FEATURES OF THE MPRI SRP DECISION SUPPORT TOOL
The MPRI SRP Decision Support Tool is intended to be a dynamic, interactive, multi-layered, geographic-based seasonal simulation model for shoreline oil spill response decision analyses. The Tool is a hybrid object that is part document and part model (“documodel”) that combines data with visualization. The Tool is multi-layered so that users can build specific custom-designed scenarios. The interface includes access to maps, tables, data, and text at increasing levels of detail. The SRP Decision Support Tool can be tailored to provide visual images and data, including access to real time webcam images, meteorological and oceanographic data, or typical time-specific conditions.
The quantitative analyses will be derived from, and summarize, science-based publications and other data. The documodels are loaded with many science-based assumptions and geographical scenarios to communicate the consequences of decisions for site- and time-specific scenarios (for example, an individual small grid cell location and by a specific month) without a live internet link or with the ability to interrogate synoptic real-time environmental data. For key variables, or where there is uncertainty in particular, these features are provided as a screen slider, check box, or radio button (or other on-screen visual cue) that the user can manipulate or change to immediately see the effect of that change on a range of metrics.
Although this project focuses on the coastal waters of Canada, the Tool is applicable globally. In some respects the Tool is similar to the Arctic Council Circumpolar Oil Spill Viability Response Analysis (COSVRA) for offshore response (EPPR 2017) as the treatment logic includes a set of disqualification rules that identify which treatment options are appropriate and/or viable for different shore types, oil types, and seasonal environmental conditions.
The SRP Decision Support Tool is targeted to stakeholders and the public who may be less comfortable with technical papers, large reports or data bases, as well as to scientists, students and technical specialists involved with oil spill response planning, preparedness or operations. The power of this medium is to convey a complex subject and to enable a user to grasp keen insights and so understand the consequences of intervention decisions. The Tool is expected to be available through the web for easy access, download, or use with cloud access.

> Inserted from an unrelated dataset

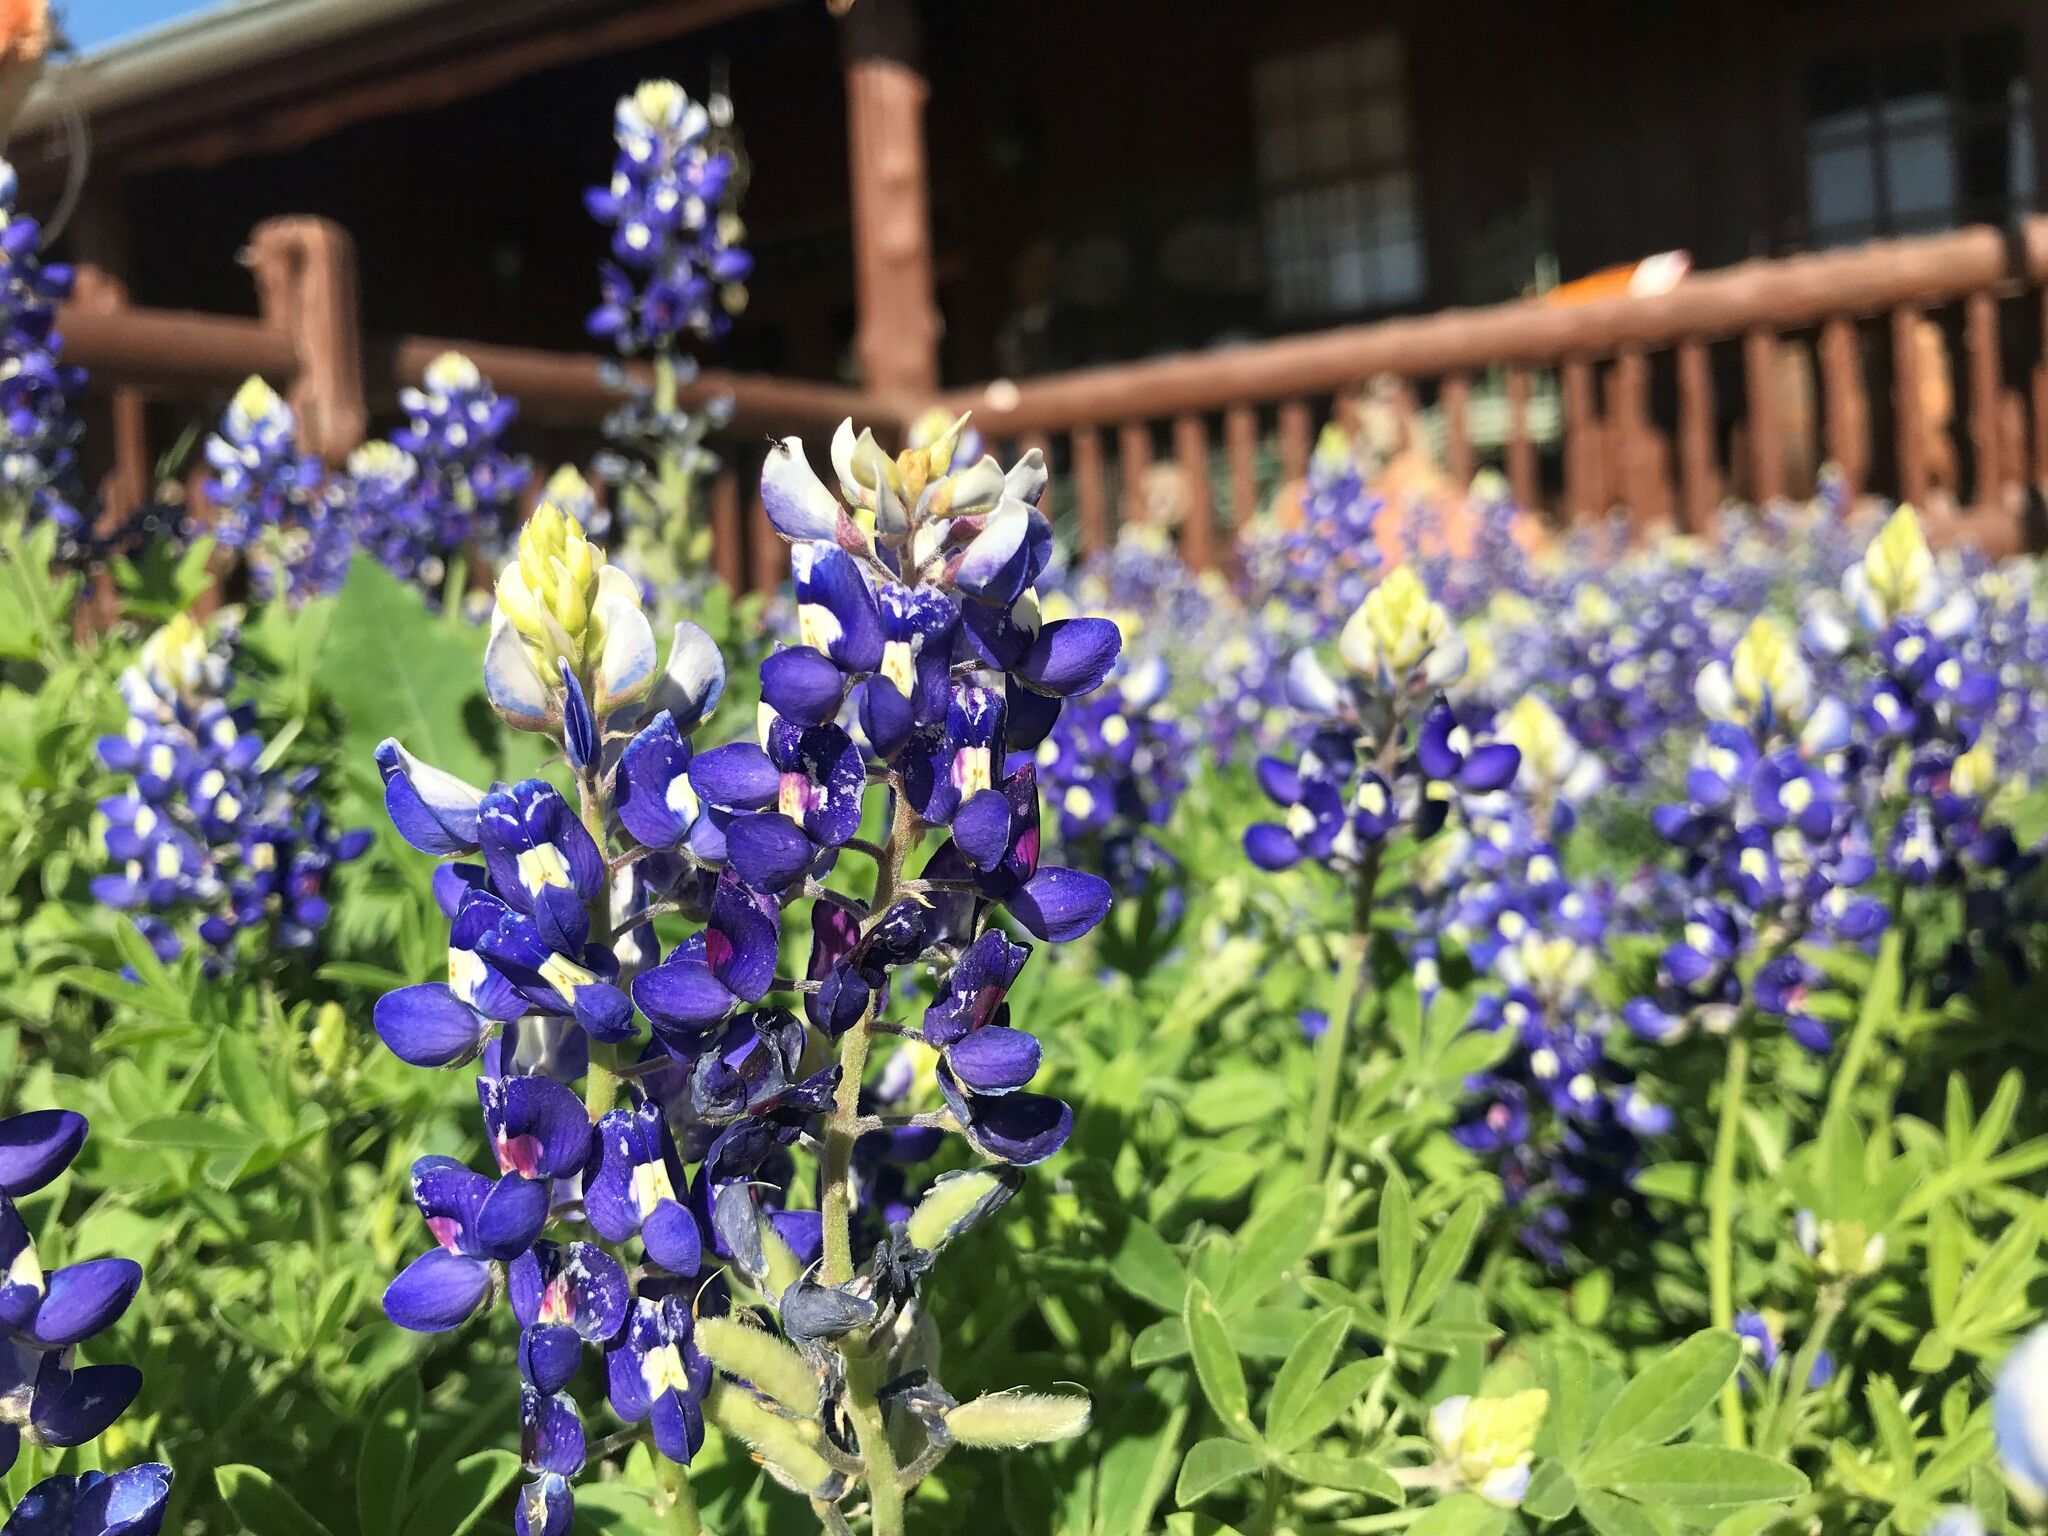 Head west to Fredericksburg's Wildseed Farms, the nation's largest wildflower farm

The study is part of the Oil Translocation Theme project within the Multi-Partner Research Initiative (MPRI) agreement between Fisheries and Oceans Canada and Concordia University, under the Ocean Protection Plan (OPP). An “Oiled Shoreline Response Support Tool” workshop to develop the conceptual model was supported by TransMountain and involved the co-authors CA, GD, EO and ET, as well as Gary Sergy and Blair Humphrey whose participation and contributions are gratefully acknowledged.